BAMAKO, (Reuters) – Islamist militants killed 19 people in an attack on a top hotel in the capital of Mali yesterday before Malian commandos stormed the building and rescued 170 people, many of them foreigners.
President Ibrahim Boubacar Keita announced the death toll and said seven people were wounded in the attack, which has been claimed by jihadist group Al Mourabitoun and al Qaeda in the Islamic Maghreb (AQIM).
Yesterday’s assault on the Radisson Blu hotel is the latest in a series of deadly raids this year on high-profile targets in Mali, which has battled Islamist rebels based in its desert north for years.
“Tonight the death toll is heavy,” Keita said on state television, declaring a 10-day state of emergency and three days of national mourning. He said two militants also died.
The attack is a sharp setback for former colonial power France, which has stationed 3,500 troops in northern Mali to try to restore stability after a rebellion in 2012 by ethnic Tuaregs that was later hijacked by jihadists linked to al Qaeda.
It also puts a spotlight on veteran militant leader Mokhtar Belmokhtar, whose group Al Mourabitoun staged the attack months after he was reported killed in an air strike. Minister of Internal Security Colonel Salif Traore said the gunmen burst through a hotel security barrier at 7 a.m. (0700 GMT), spraying the area with gunfire and shouting “Allahu Akbar”, or “God is great” in Arabic.
“At first I thought it was a carjacking. Then they killed two guards in front of me and shot another man in the stomach and wounded him and I knew it was something more,” said Modi Coulibaly, a Malian legal expert who saw the assault start.
The attack ended around 4 p.m. and a U.N. official said U.N. peacekeepers searching the hotel made a preliminary count of 27 bodies.
As troops stormed the hotel, state television showed them brandishing AK47s in the lobby.

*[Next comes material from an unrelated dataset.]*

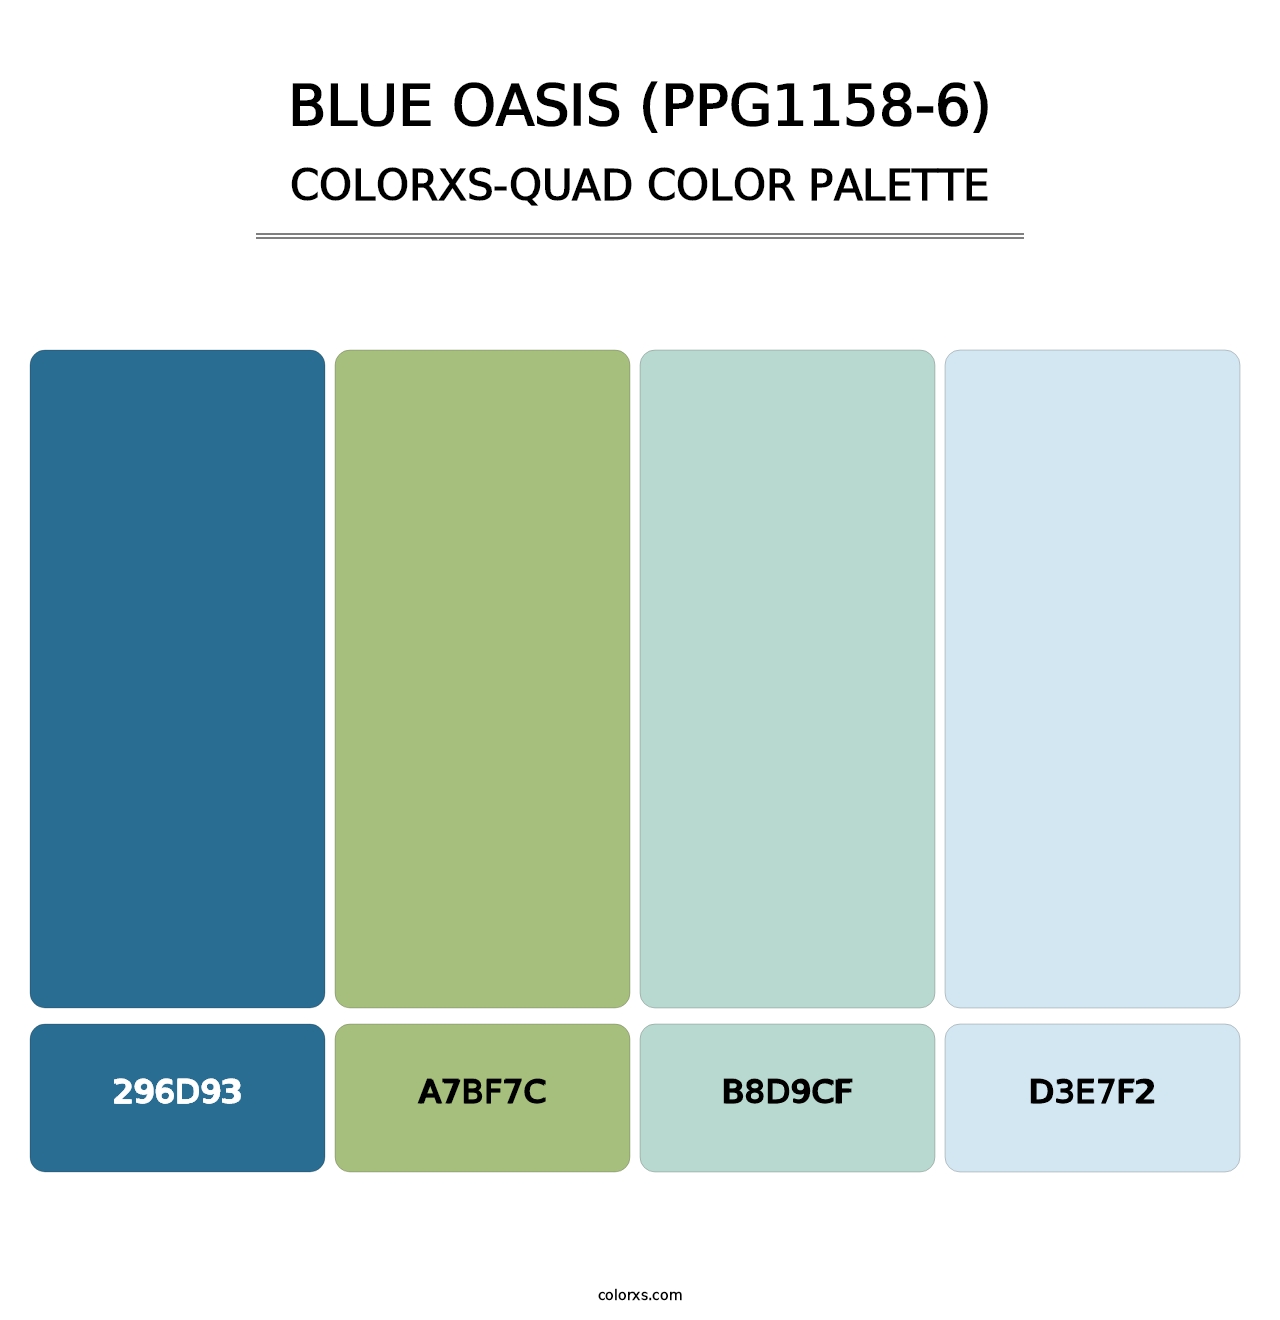 Blue Oasis (PPG1158-6) - Colorxs Quad Palette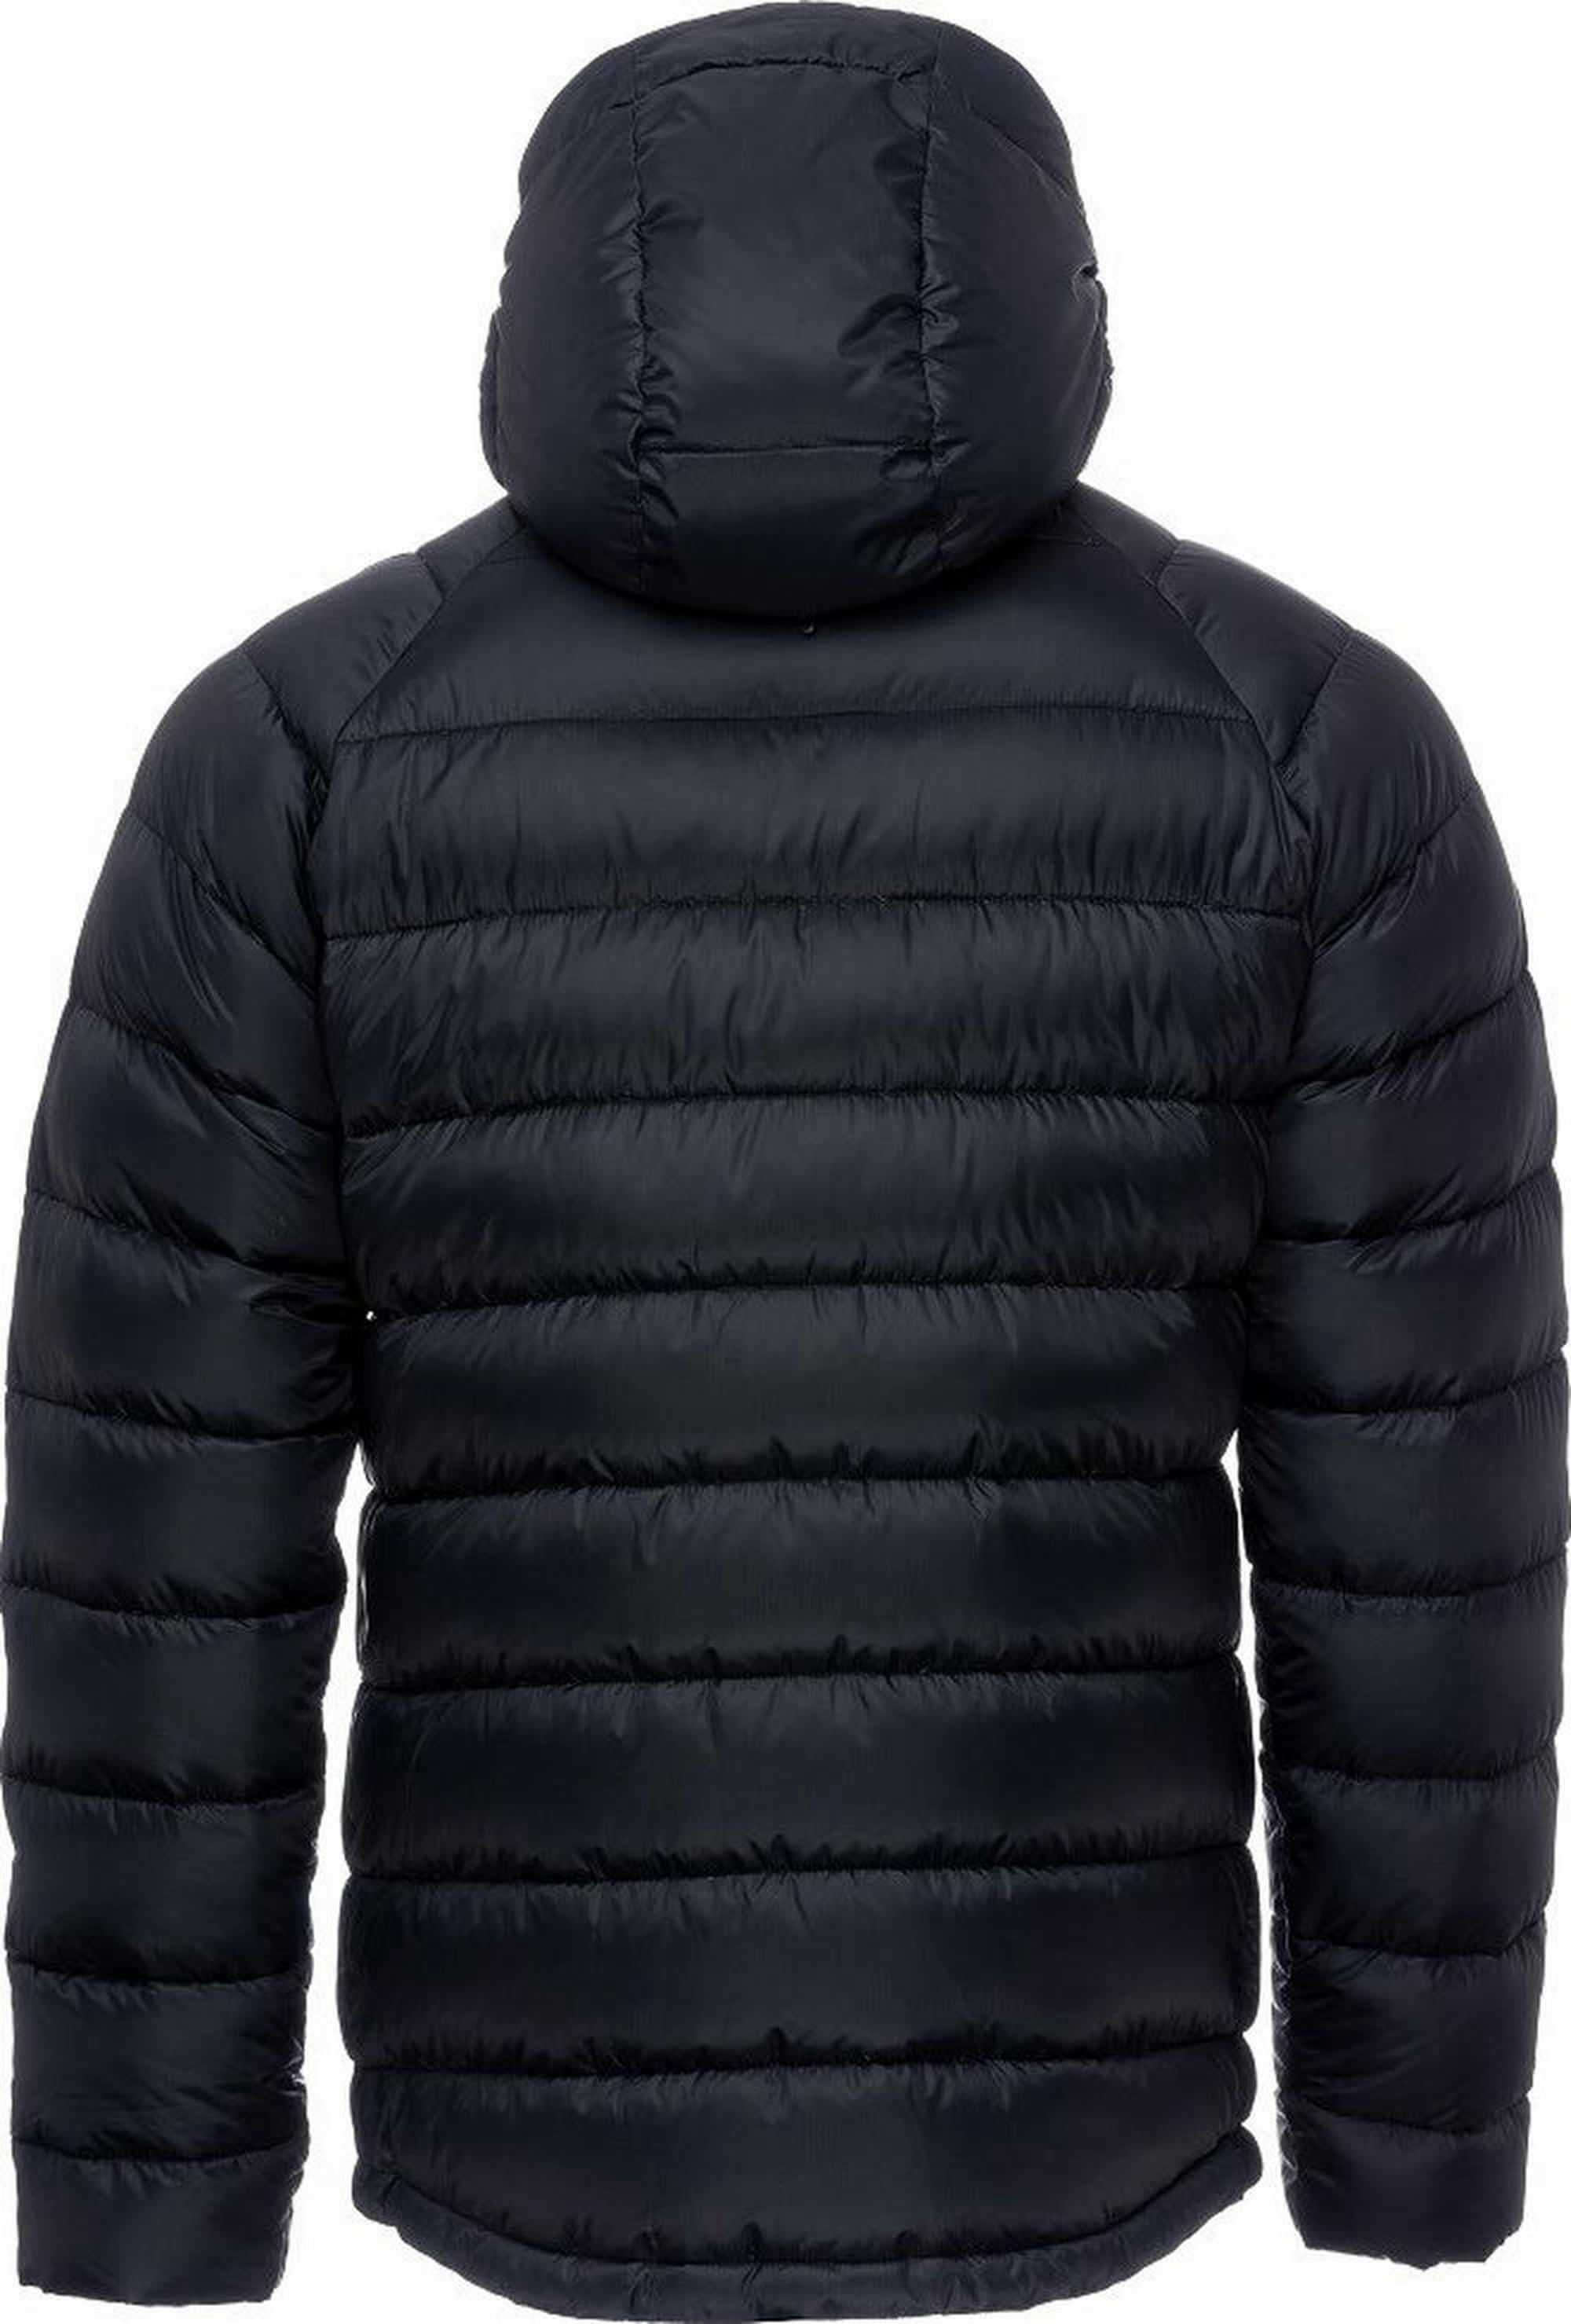 Куртка мужская Turbat Lofoten 2 Mns moonless night S черный фото 2

A body lay under a brown blanket at the bottom of a flight of stairs.
Peacekeepers saw 12 dead bodies in the basement and another 15 on the second floor, the U.N. official told Reuters on condition of anonymity. He added that U.N. troops were helping Malian authorities search the hotel.
The U.S. State Department said one American was killed. The White House said it was working to locate all Americans in Mali, and it offered to help with an investigation and urged its citizens to limit their movements around Bamako.
A man who worked for a Belgian regional parliament was also among the dead, the assembly said. France’s Defence Minister Jean-Yves Le Drian said he was not aware of any French nationals killed.